Almost 30 percent of Arizona voters are undecided two months before the presidential election, with Sen. John McCain, R-Ariz., garnering 40 percent of the vote and Sen. Barack Obama, D-Ill., 30 percent, according to a recent Cronkite/Eight Poll.

The poll surveyed 402 registered Arizona voters, with a 5 percent margin of error.

The undecided vote is high this late in the campaign, but Poll Director Bruce Merrill said that is likely to change after this week’s Democratic National Convention and next week’s Republican National Convention.

“The Dems will get a bounce nationwide and in Arizona after their convention,” Merrill said. “Then the Republicans will get a bump after their convention. After that, in Arizona, it will most likely stay the same, but nationwide, the election will get closer.”

Tara Blanc, associate director of the Cronkite/Eight poll, said one of the reasons for the high undecided rate is because of conflicts within both parties.

“A lot of Clinton supporters are still disappointed,” she said. “They aren’t just ready to cast their vote, and McCain doesn’t have the far right on his side. He stands for some things that make the far right uncomfortable and hasn’t solidified the vote with them.”

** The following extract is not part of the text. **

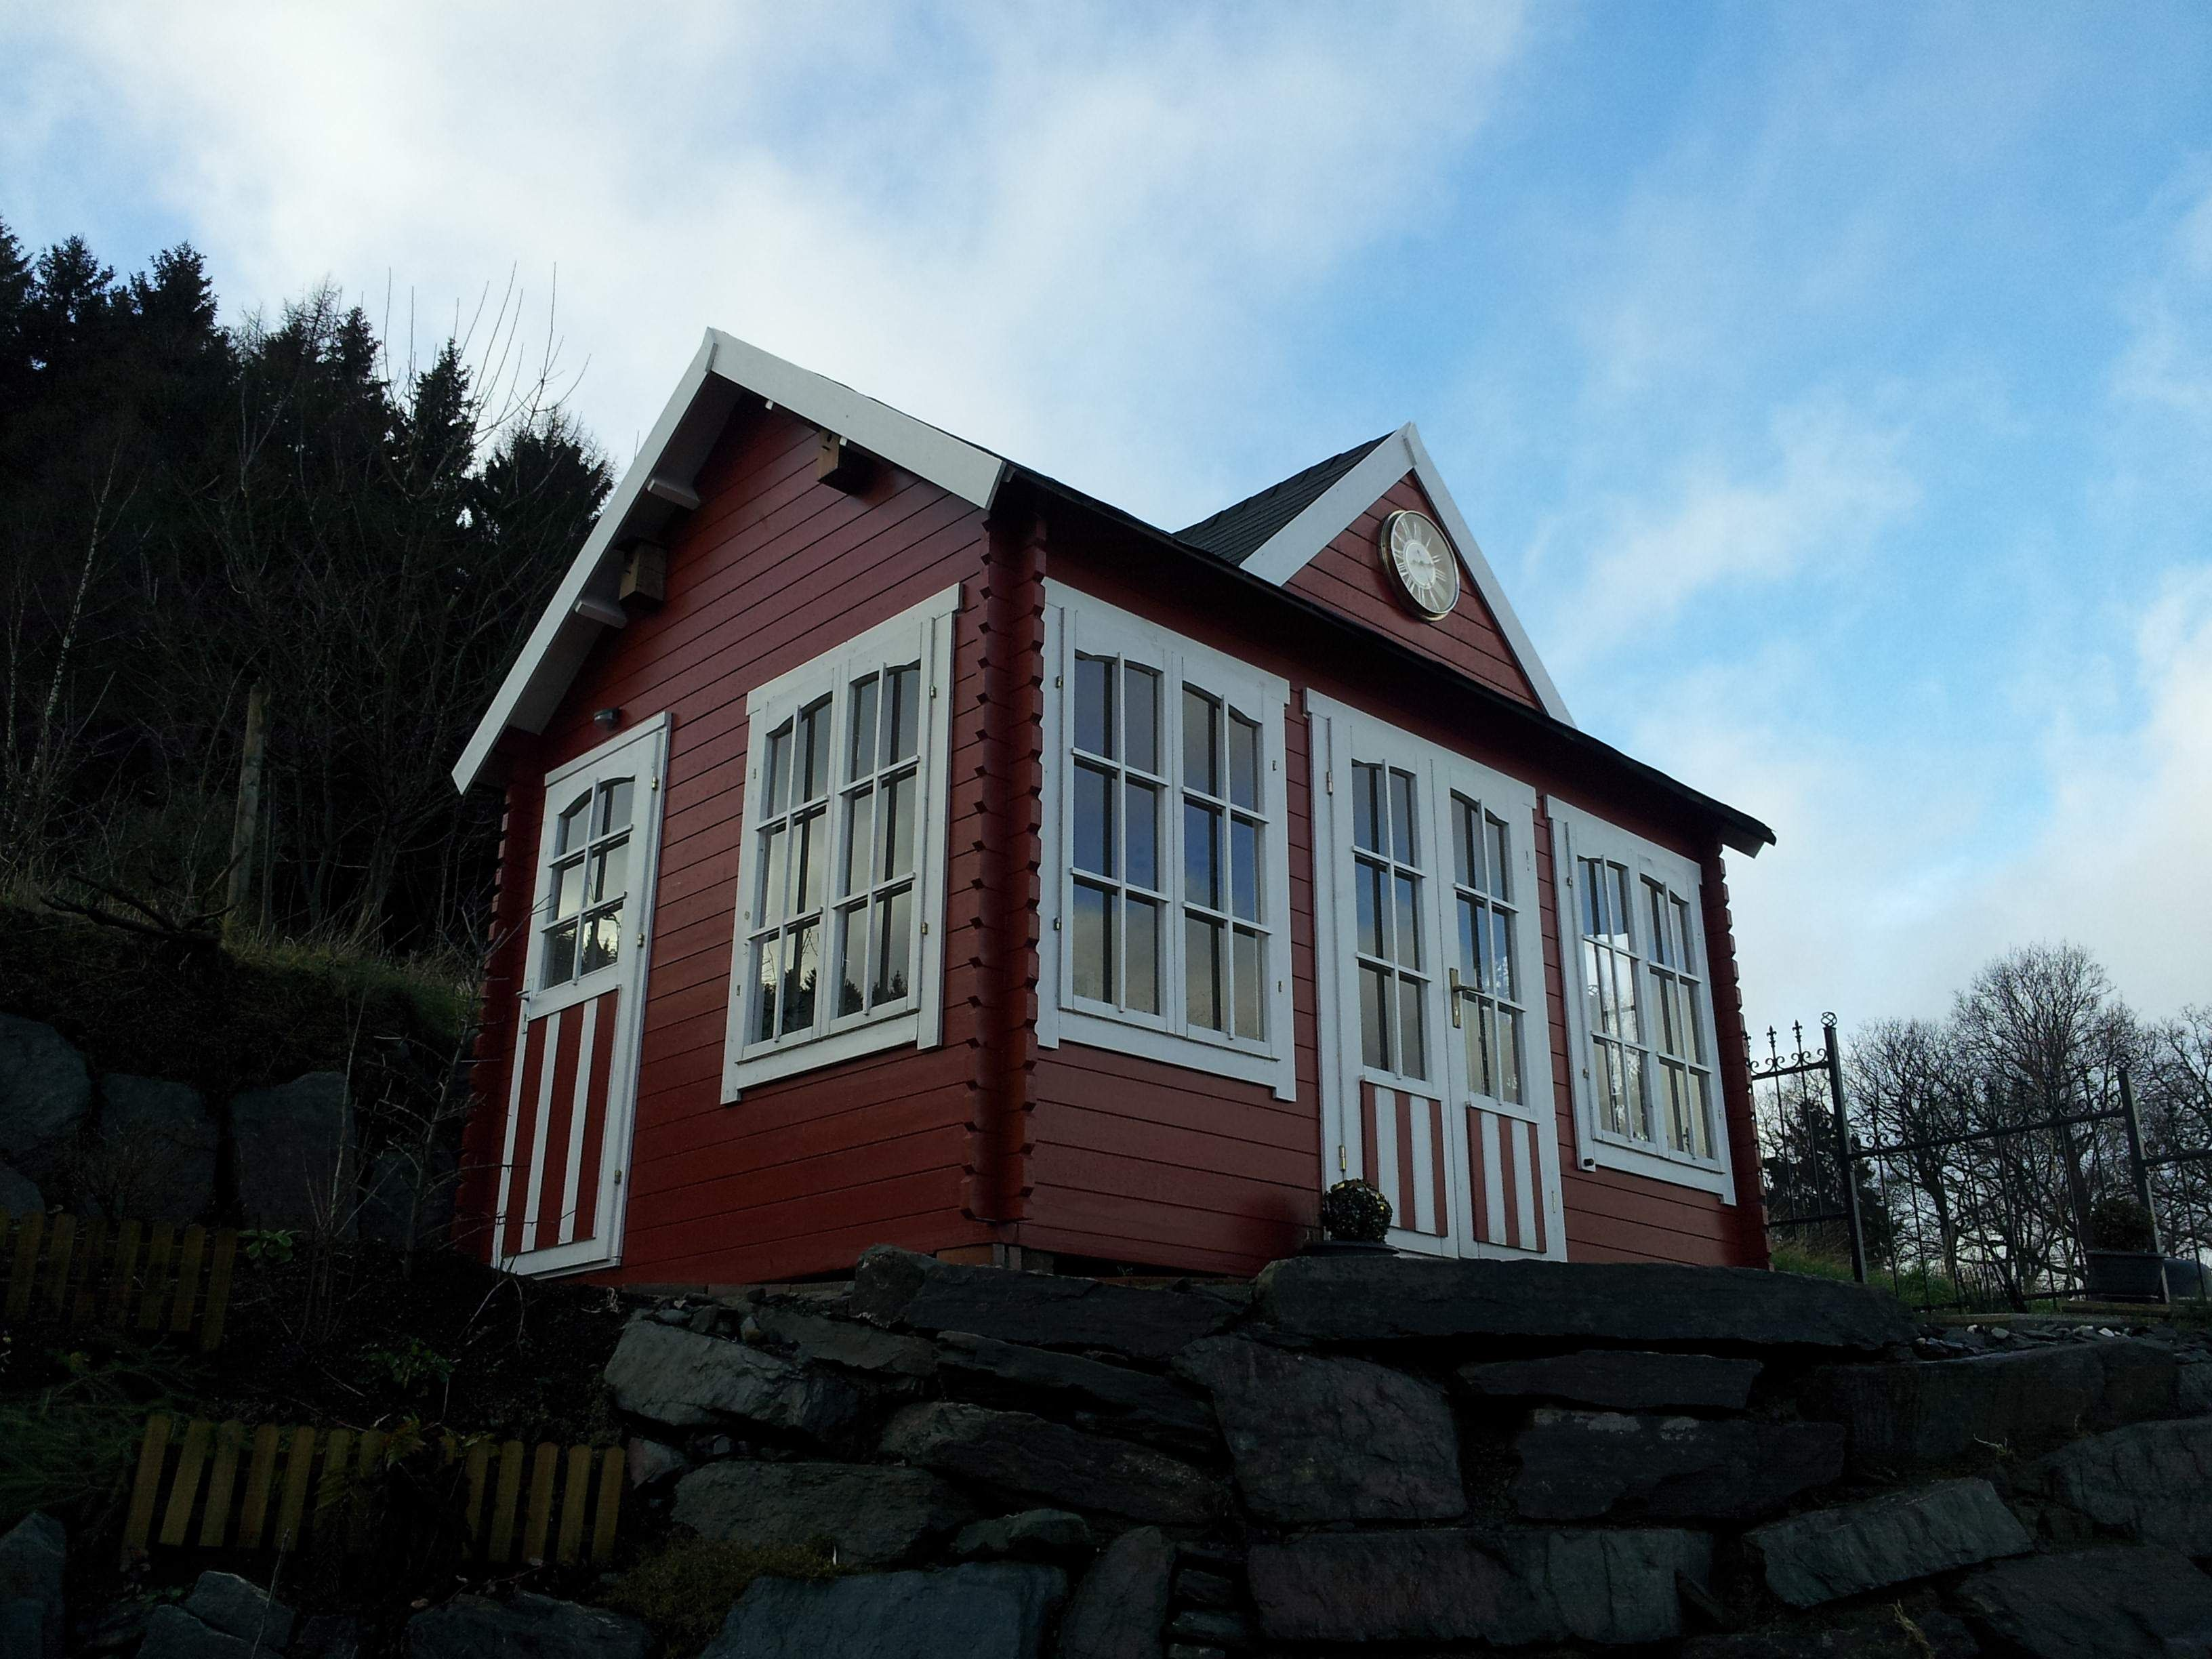 Clockhouse Gartenhaus am Steilhang in knalligem Rot. http://

Marketing junior Duncan Carey founded ASU Students for Liberty, an organization that promotes limited government.

He said the purpose of his organization is to give people a choice other than the usual mainstream Democratic or Republican candidate.

The large number of undecided voters is a product of lack of choice, he said. Two percent of voters support independent candidate Ralph Nader and less than one percent support Libertarian candidate Bob Barr, according to the poll.

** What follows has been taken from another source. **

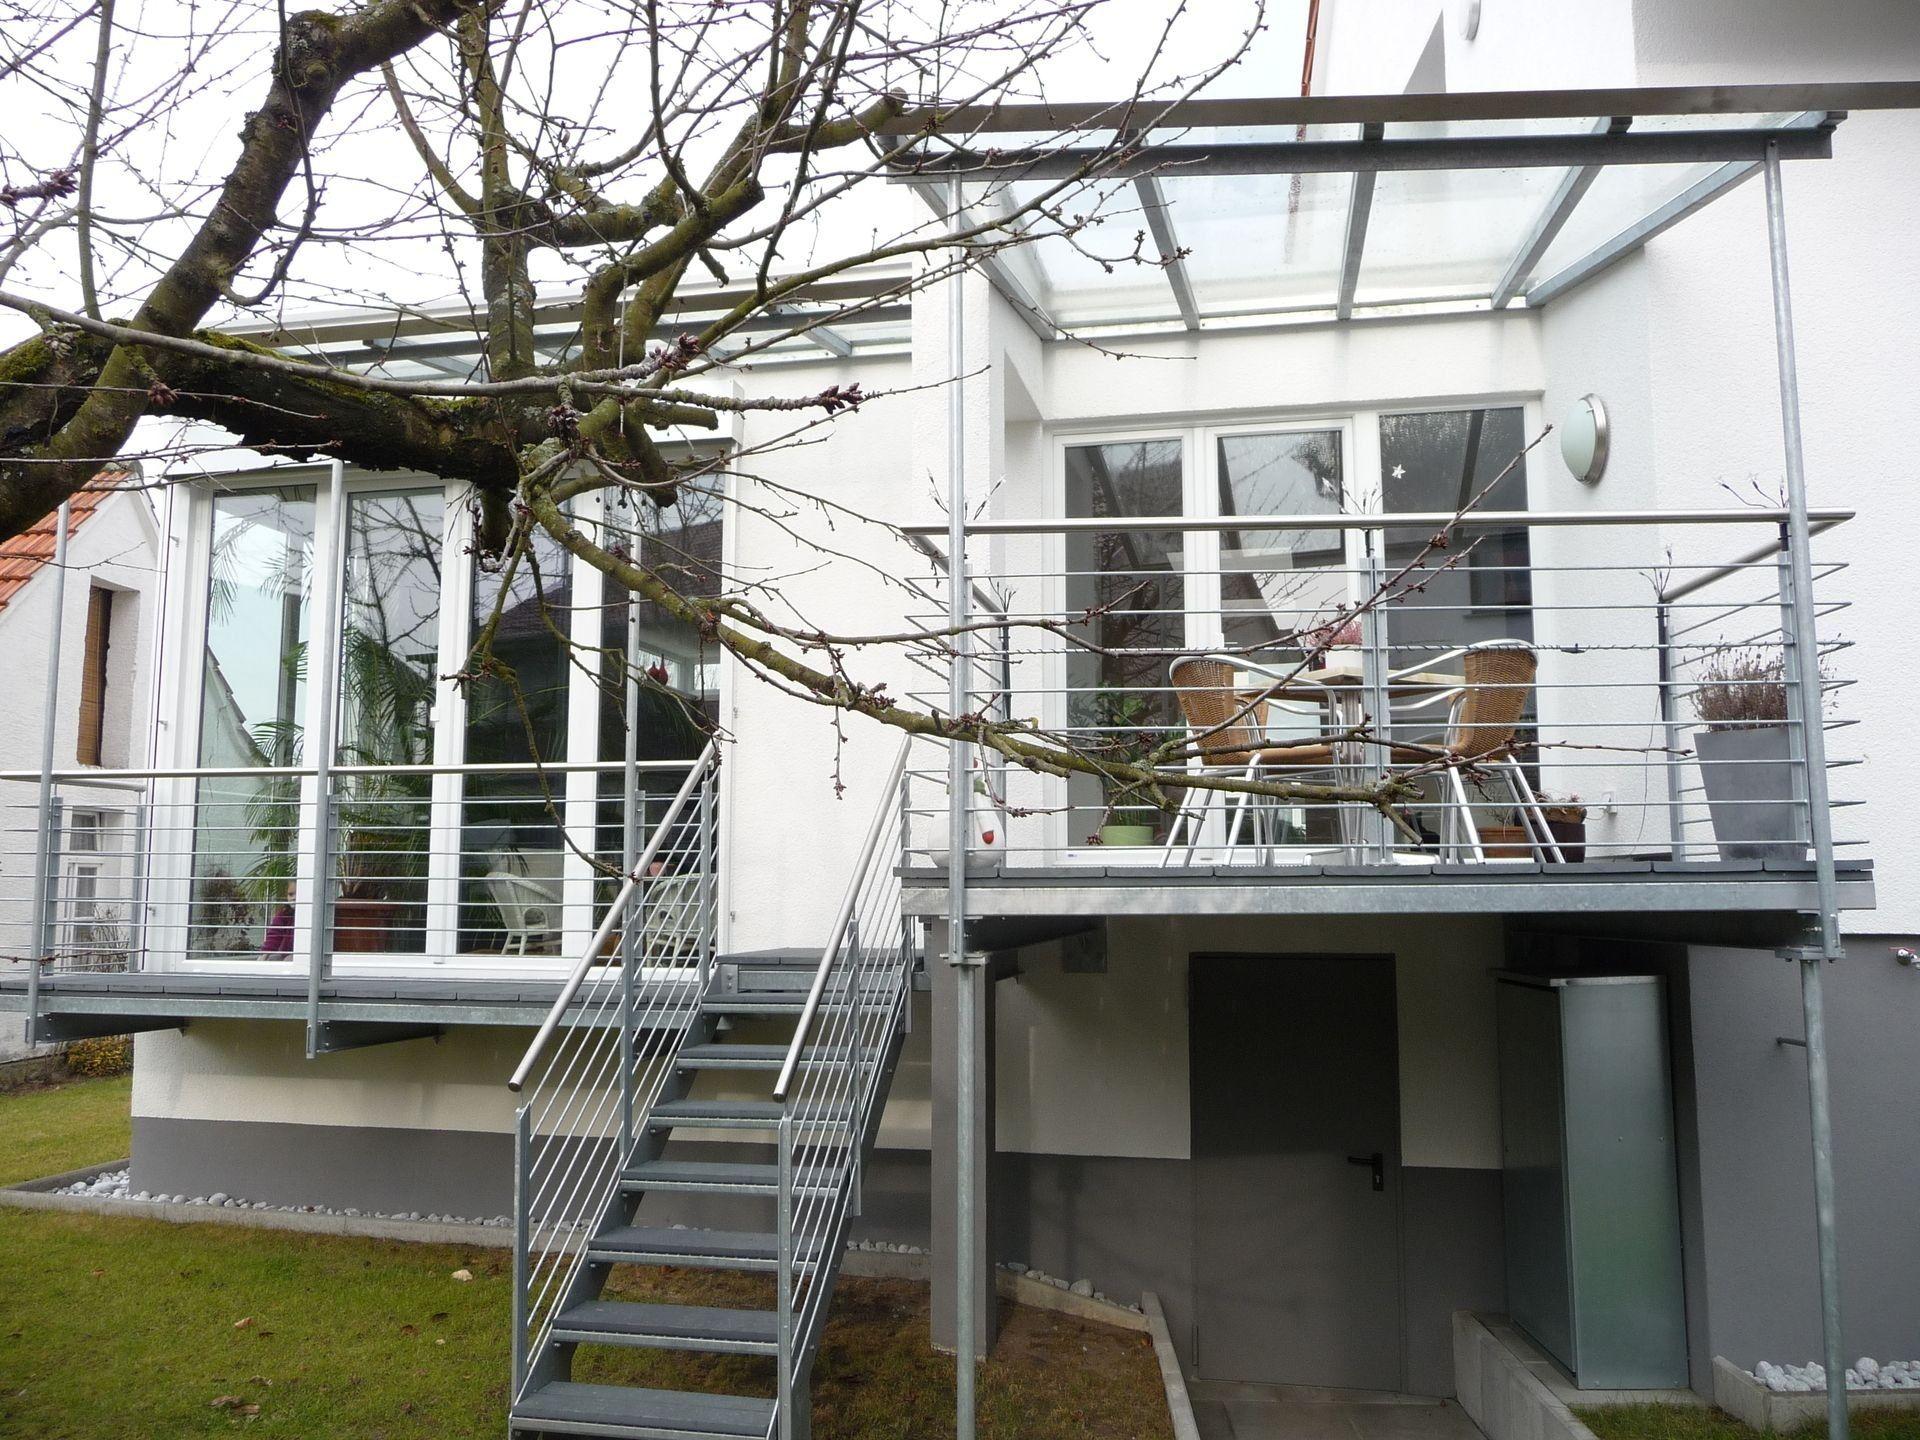 Balkon Mit Treppe In Den Garten Du Hast Es Nie Versucht Von Balkon Terrasse Mit Treppe In Den Garten Bauemotion De In Bezug Auf B Haus Terassenentwurf Treppe

“People are apathetic because no one speaks to them,” Carey said. “They get tired of voting for the lesser of two evils.”

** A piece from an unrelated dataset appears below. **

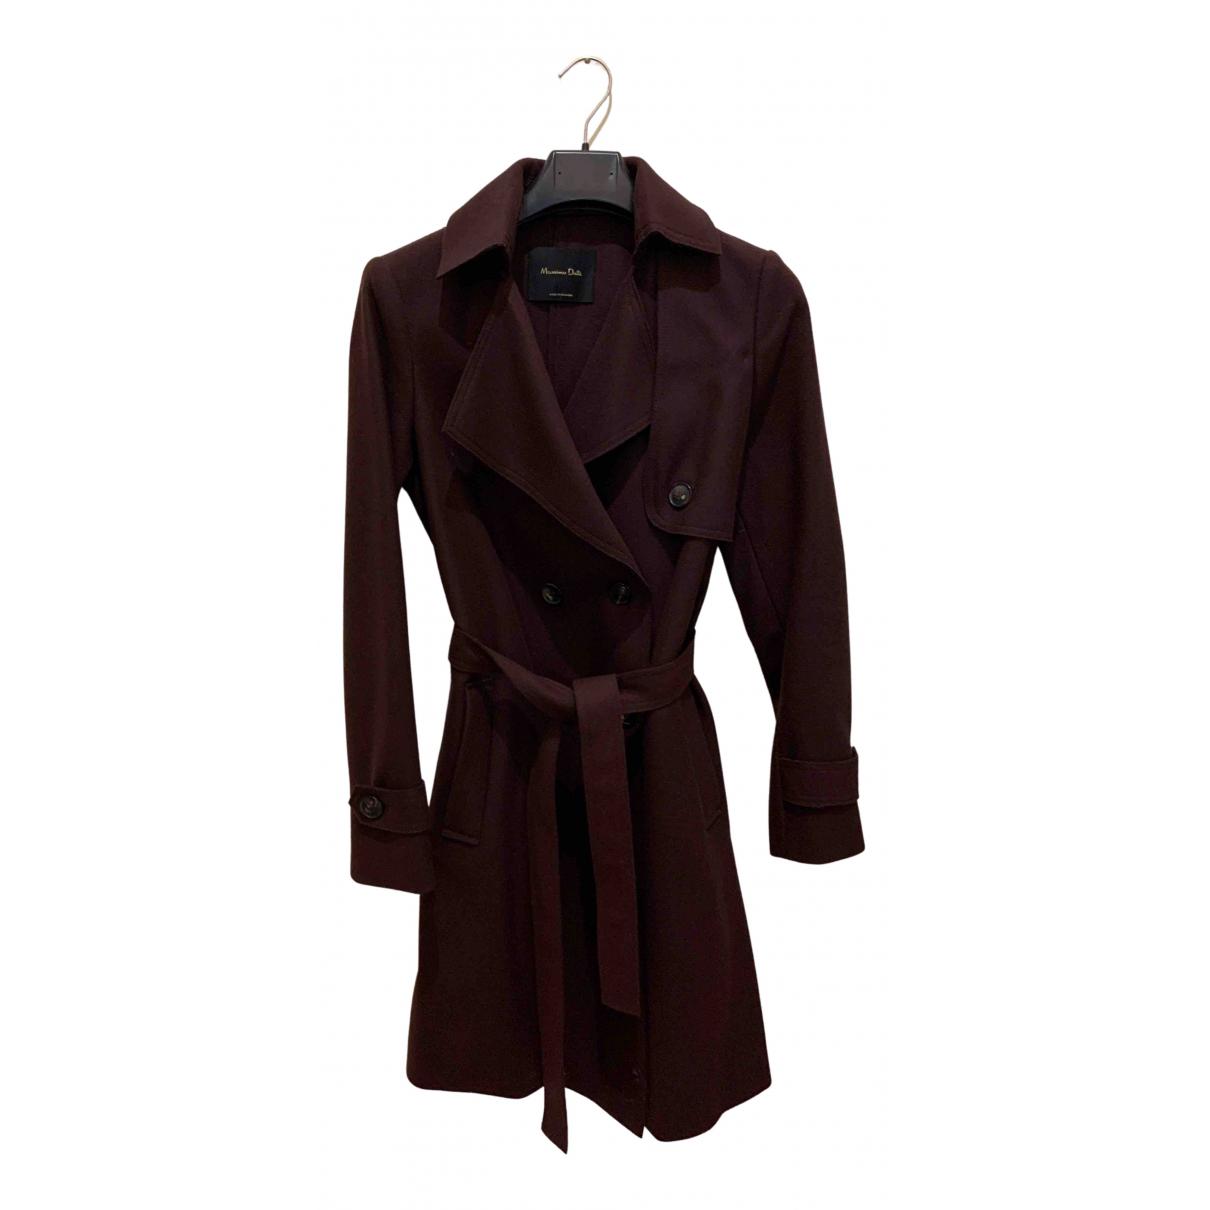 Massimo Dutti - Manteau   pour femme en laine - bordeaux

Carey said there isn’t much difference between Obama and McCain.

“Both are interventionists who believe in using national defense as a national offence,” he said. “Both want to expand government — McCain with more warfare spending and Obama with more social programs.”

McCain got support from independents when he ran for senator seven years ago, now, Merrill said, independents are divided 50-50 in the upcoming presidential race.

Merrill also attributed the high undecided rate in Arizona to intense media coverage and intense temperatures.

“Arizonans don’t get involved in the political process until after Labor Day,” he said. “People are gone, out of town during the summer.

Candidates don’t go door-to-door during summer because it’s so hot. Also, people see an ad and go one way and then see another ad and go another way.”

The poll also found there was a significant anti-Obama vote in the state. Thirty percent of McCain voters said they were voting more against Obama than for McCain, compared to 16 percent who answered the same question as it pertained to Obama.

Merrill said the anti-Obama sentiment is a product of McCain’s recent hiring of Karl Rove staffers who launched a negative ad campaign likening Obama to Britney Spears and Paris Hilton. Merrill said before the negative ads ran three weeks ago, Obama was leading in the national polls; now, it’s even.

“The reason negative ads are used is because they work. More [voters] see McCain as running a more negative campaign than Obama,” Merrill said. “The election will most likely be very close. How it comes out will depend on the sophistication of the ad campaigns run.”